Die Formulierung „gleichzeitiges Ableben” in einem gemeinschaftlichen Testament umfasst regelmäßig nicht nur den unwahrscheinlichen Fall des im gleichen Bruchteil einer Sekunde eintretenden Todes, sondern auch den Fall, dass die Ehegatten innerhalb eines kürzeren Zeitraums nacheinander sterben, sei es aufgrund ein und derselben Ursache, z.B. eines Unfalls, sei es aufgrund verschiedener Ursachen, wenn der Überlebende nach dem Tod des Erstversterbenden praktisch keine Möglichkeit mehr hat, ein Testament zu errichten. Ein von dem so verstandenen Wortlaut abweichender gemeinsamer Wille der Ehegatten, dass die Schlusserbeneinsetzung auch dann gelten soll, wenn ein Ehegatte den anderen um viele Jahre überlebt, ergibt sich nicht in jedem Fall schon daraus, dass die getroffene Schlusserbeneinsetzung erläutert wird und die Erläuterung nicht speziell auf das „gleichzeitige Ableben” abstellt (Abgrenzung zu OLG München, Beschluss vom 16.7.2007, FamRZ 2008, 921). Zum Weiterlesen auf die Überschrift klicken.

von Clemens Sandmeier

OLG München, Beschluss vom 14. 10. 2010 – 31 Wx 84/10 (rechtskräftig)

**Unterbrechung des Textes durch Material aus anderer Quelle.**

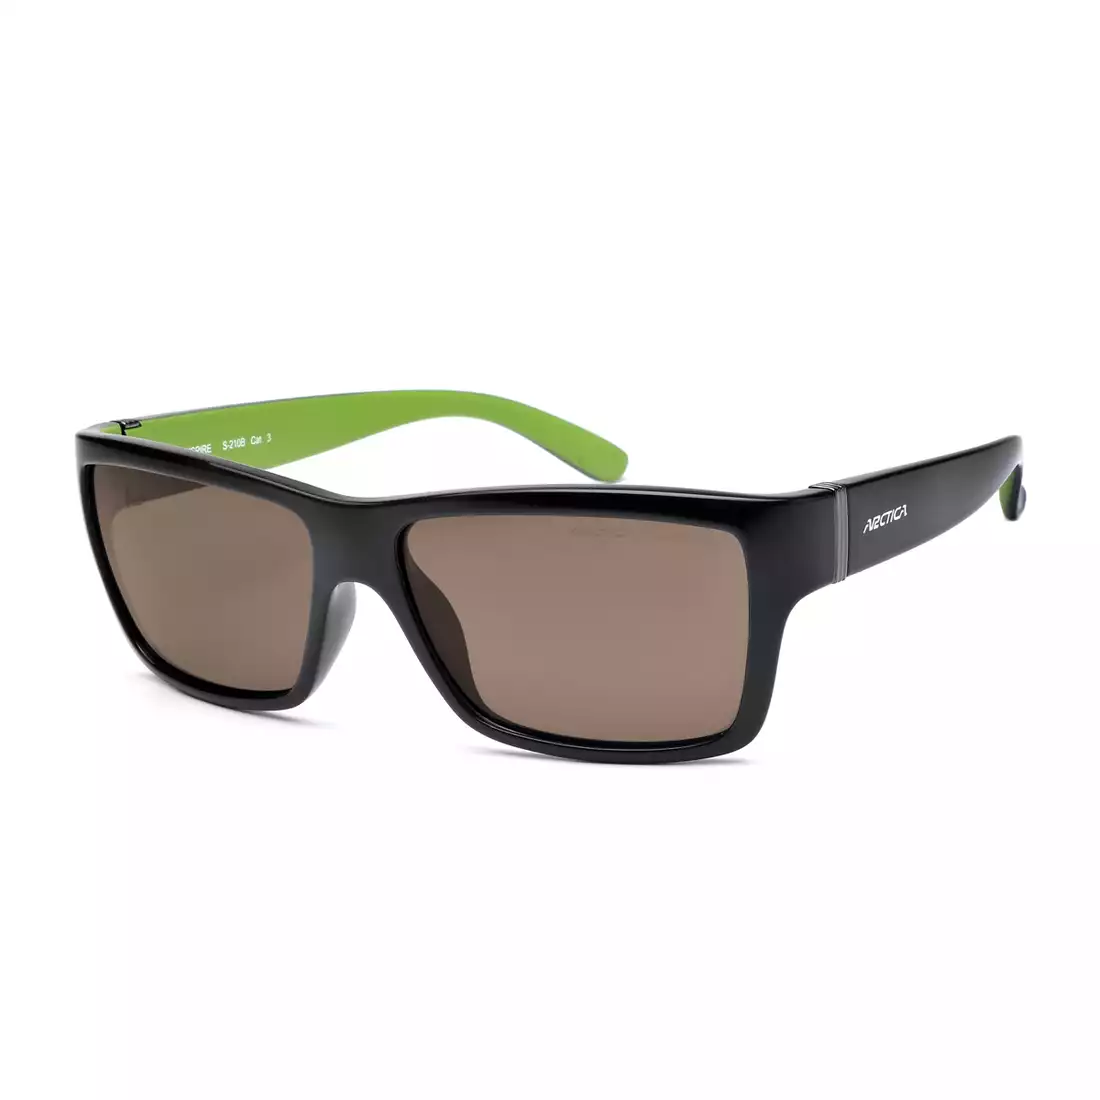 ARCTICA okulary sportowe, S 210 B

Der kinderlose, verwitwete Erblasser ist im März 2009 im Alter von 87 Jahren verstorben. Seine Ehefrau (geb. 1918), mit der er seit 1948 verheiratet war, ist 1998 vorverstorben. Der Beteiligte zu 1 ist ein Bruder des Erblassers. Die Beteiligte zu 2 wird im gemeinschaftlichen Testament der Ehegatten als „verwandt” mit der Ehefrau bezeichnet, im späteren Einzeltestament des Erblassers als „Cousine meiner verstorbenen Frau”. Nach ihren zuletzt gemachten Angaben ist einer ihrer Ur-Ur-Großväter ein Ur-Großvater der Ehefrau des Erblassers; Cousinen, d.h. Kinder von Geschwistern, wären danach die Mutter der Ehefrau des Erblassers und die Großmutter der Beteiligten zu 2.

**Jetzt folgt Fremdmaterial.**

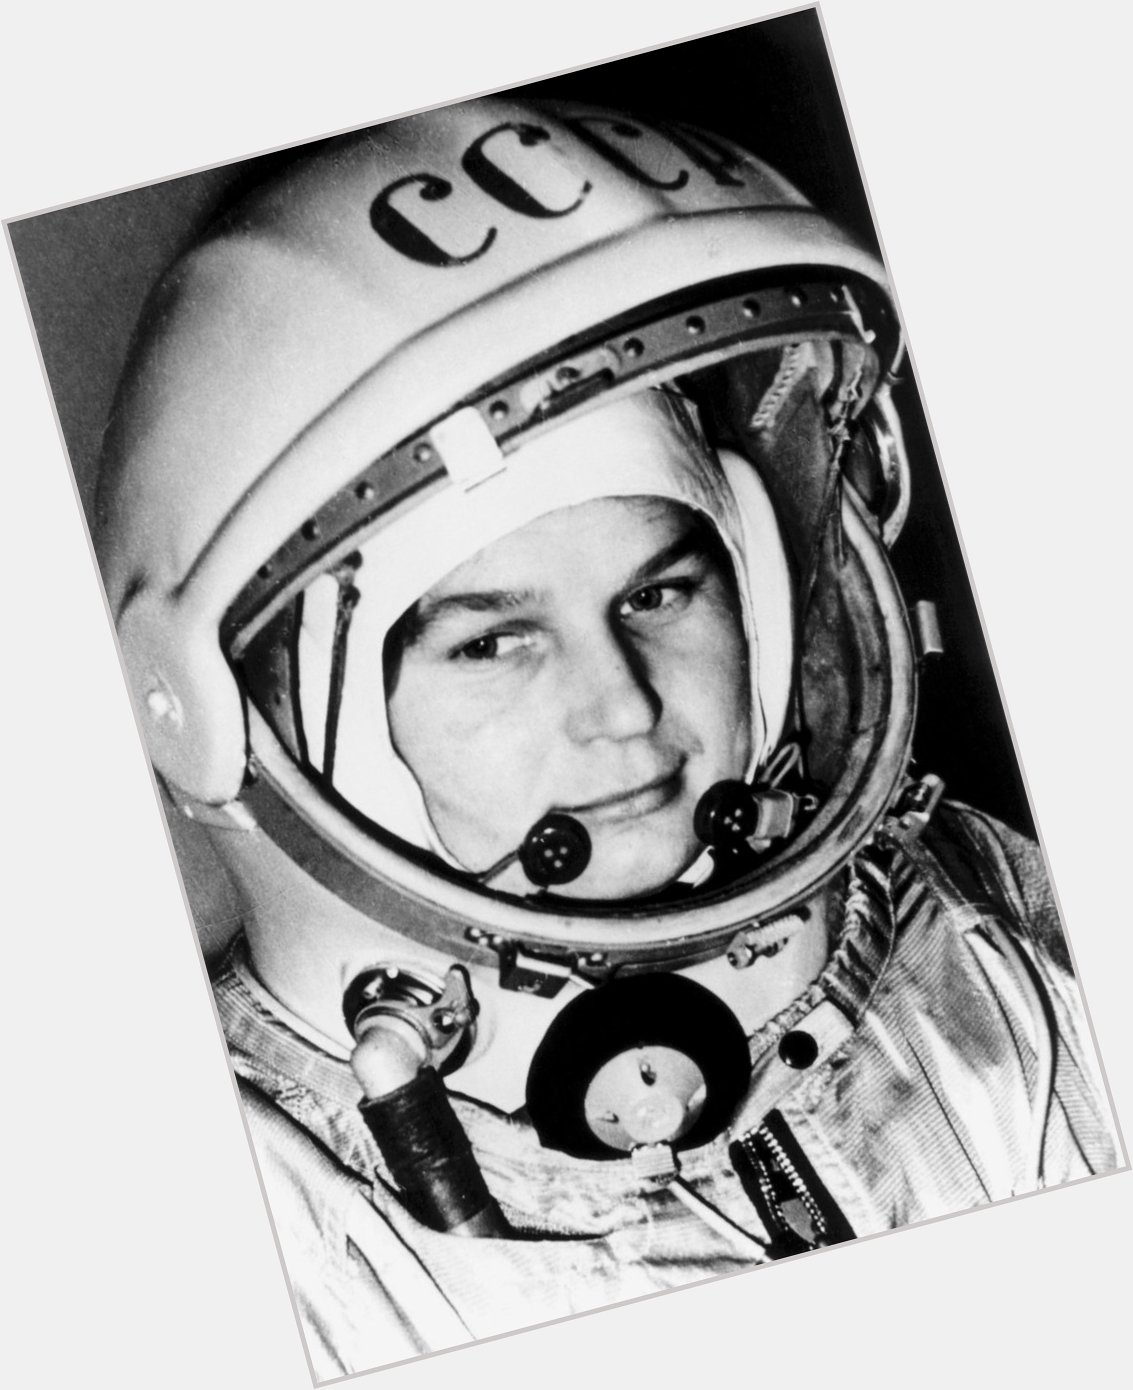 A very happy birthday to Valentina Tereshkova!

Der Nachlass besteht im Wesentlichen aus Bankguthaben und Wertpapieren; der Reinnachlasswert beträgt rund 1,2 Mio. €. Es liegt ein vom Erblasser geschriebenes, von beiden Ehegatten unterschriebenes Testament vom 11.10.1995 vor, das auszugsweise wie folgt lautet: „I. Wir die Eheleute Karl und Maria D. setzen uns gegenseitig als Alleinerben ein. Der Überlebende beerbt den anderen allein.

II. Bei gleichzeitigem Ableben von uns Beiden erbt (Beteiligte zu 2) (verwandt mit Frau Maria D.), derzeit wohnhaft in … alles als Alleinerbin. Sollte sie vor uns verstorben sein, so erben an ihrer Stelle je zur Hälfte

1. ihr Ehemann …

2. ihre Tochter …

III. Sofern bei unseren Ableben noch am Leben erhalten als Vermächtnis

1. DM 50.000.- Frau Mathilde V., geb. D. (Schwester von Karl D.) derzeit wohnhaft …

2. DM 50.000.- Franz D., (Bruder von Karl D.), derzeit wohnhaft …”

Die vom Erblasser handschriftlich verfasste „Anmerkung zum Testament” lautet:

„Meinen Geschwistern Mathilde und Franz möchte ich noch erklären, warum ich sie nur mit einem Vermächtnis und nicht als Miterben eingesetzt habe ...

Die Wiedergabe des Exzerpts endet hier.